- [Work instruction]
Exercise in exact copying: restate word for word only the lines below from the one containing "Plaza Design" through the one containing "BLUE/MULTI Tie-Dye Floral", omitting any pictures.

- [Supplied records]
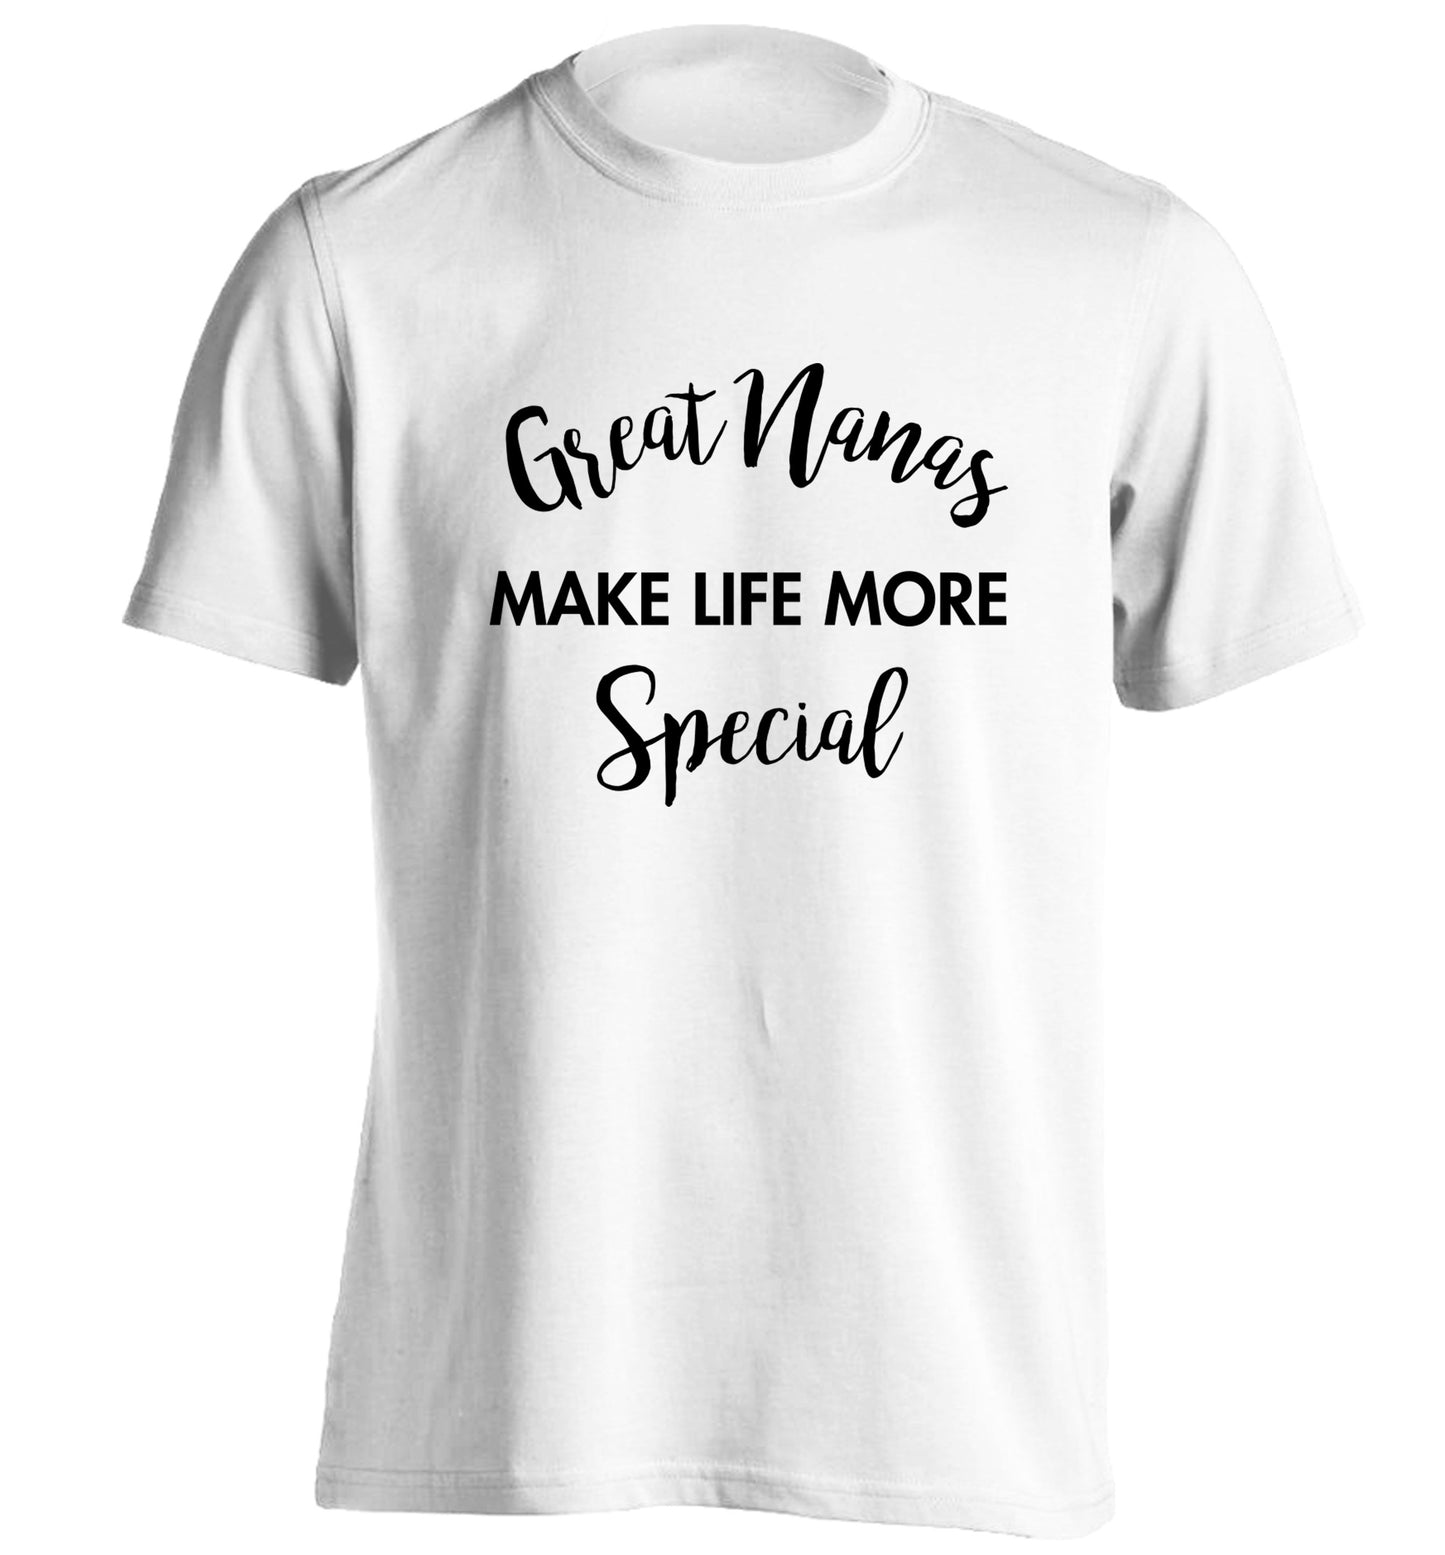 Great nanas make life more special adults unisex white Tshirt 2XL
--
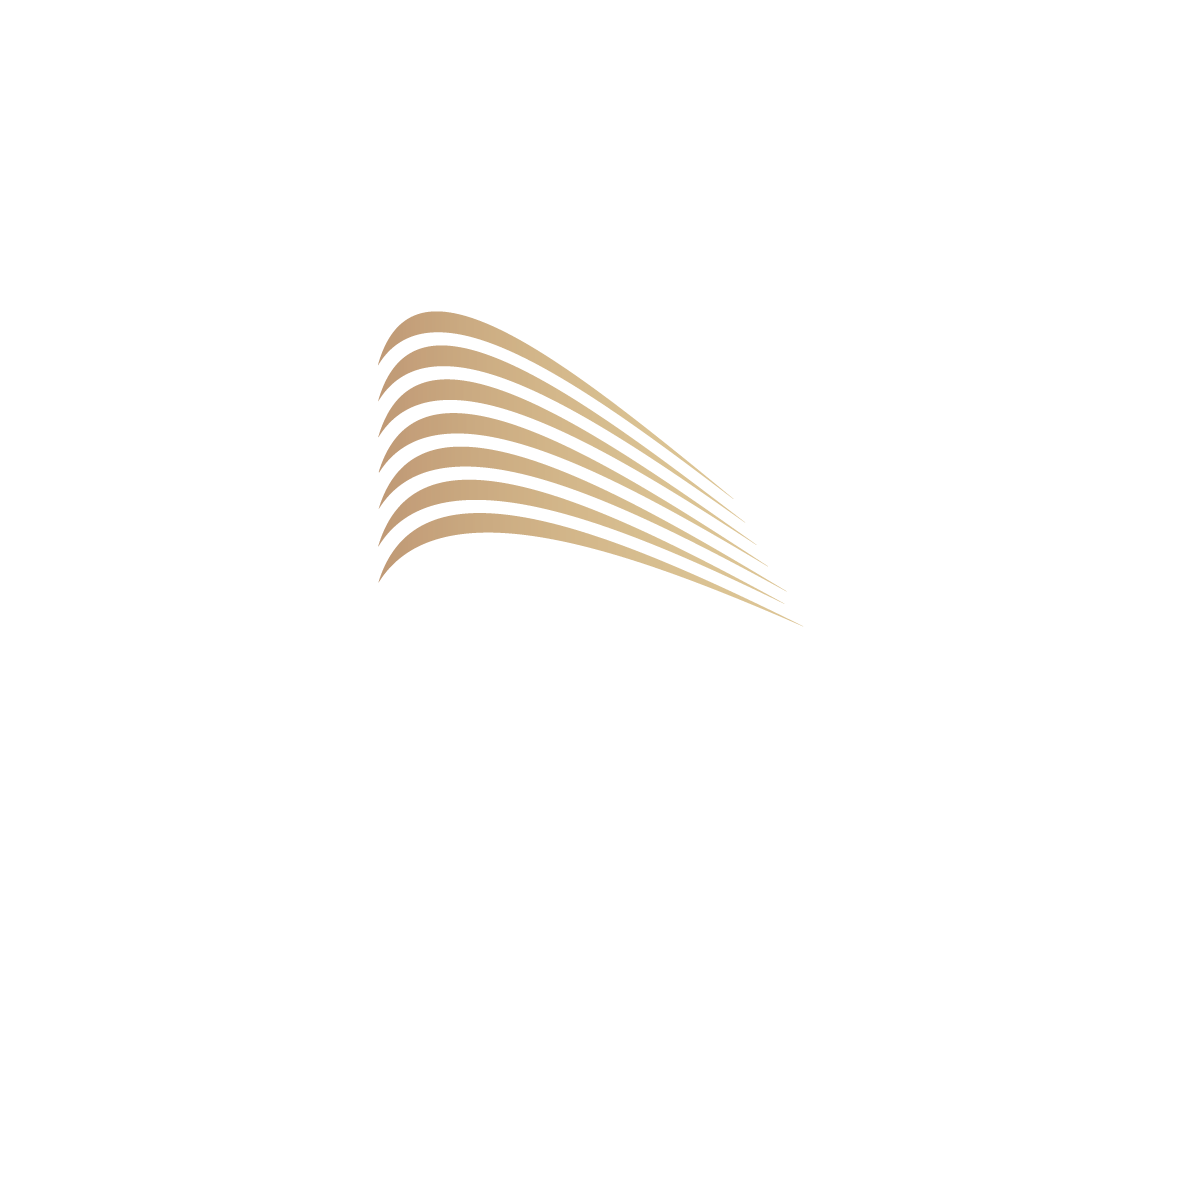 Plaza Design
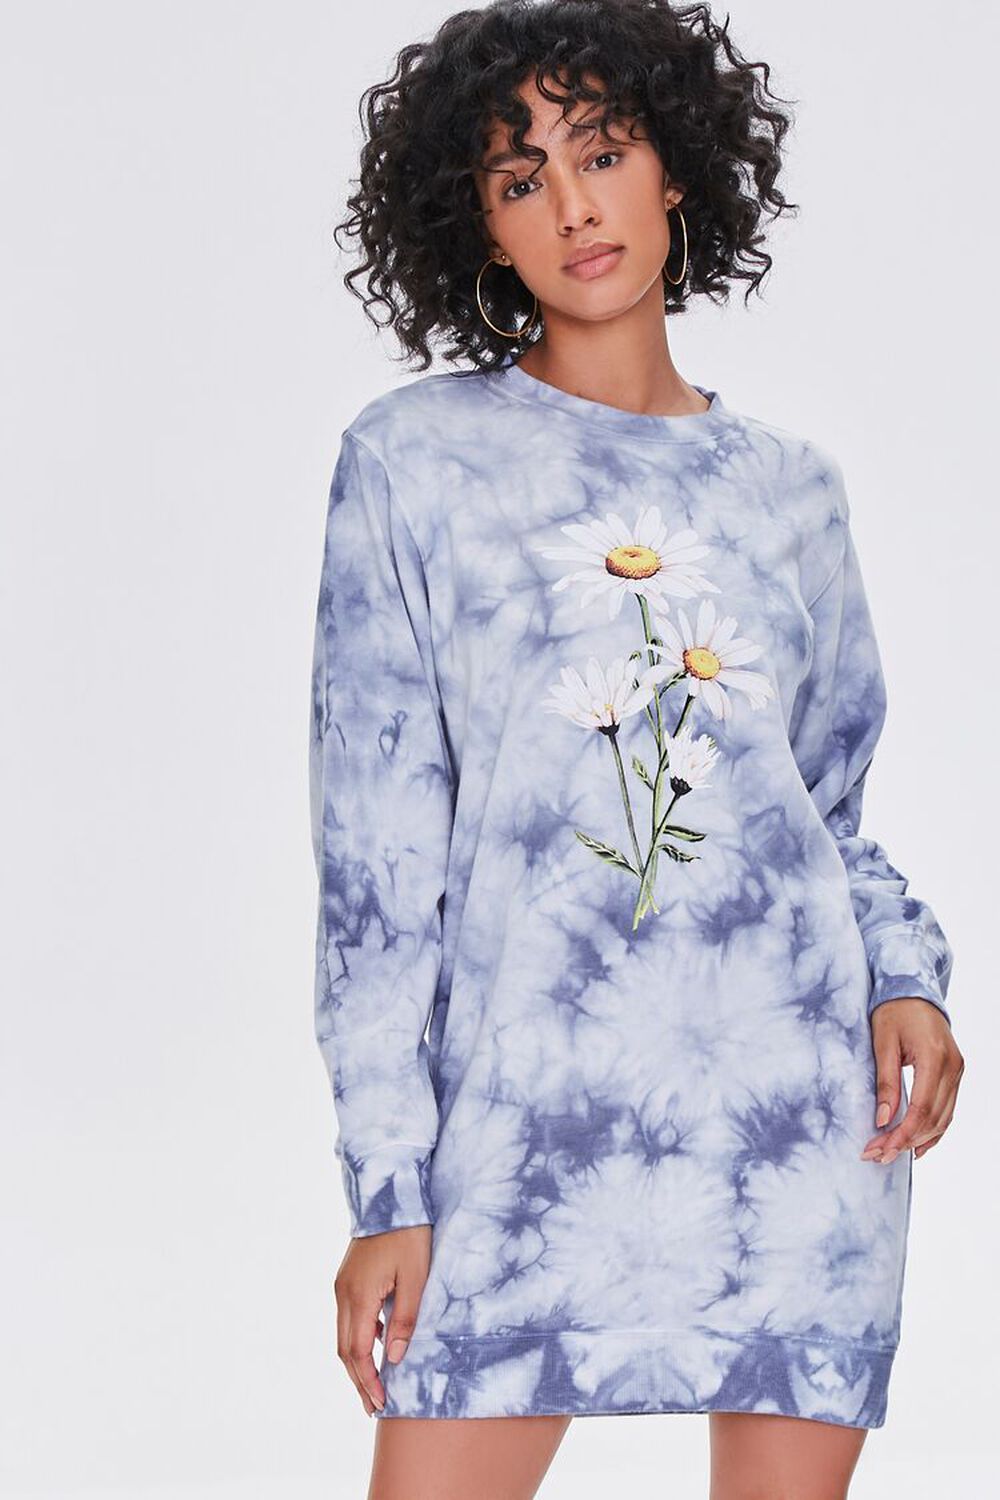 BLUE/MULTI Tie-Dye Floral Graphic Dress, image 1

- [Result of the exercise]
 Plaza Design
 BLUE/MULTI Tie-Dye Floral Graphic Dress, image 1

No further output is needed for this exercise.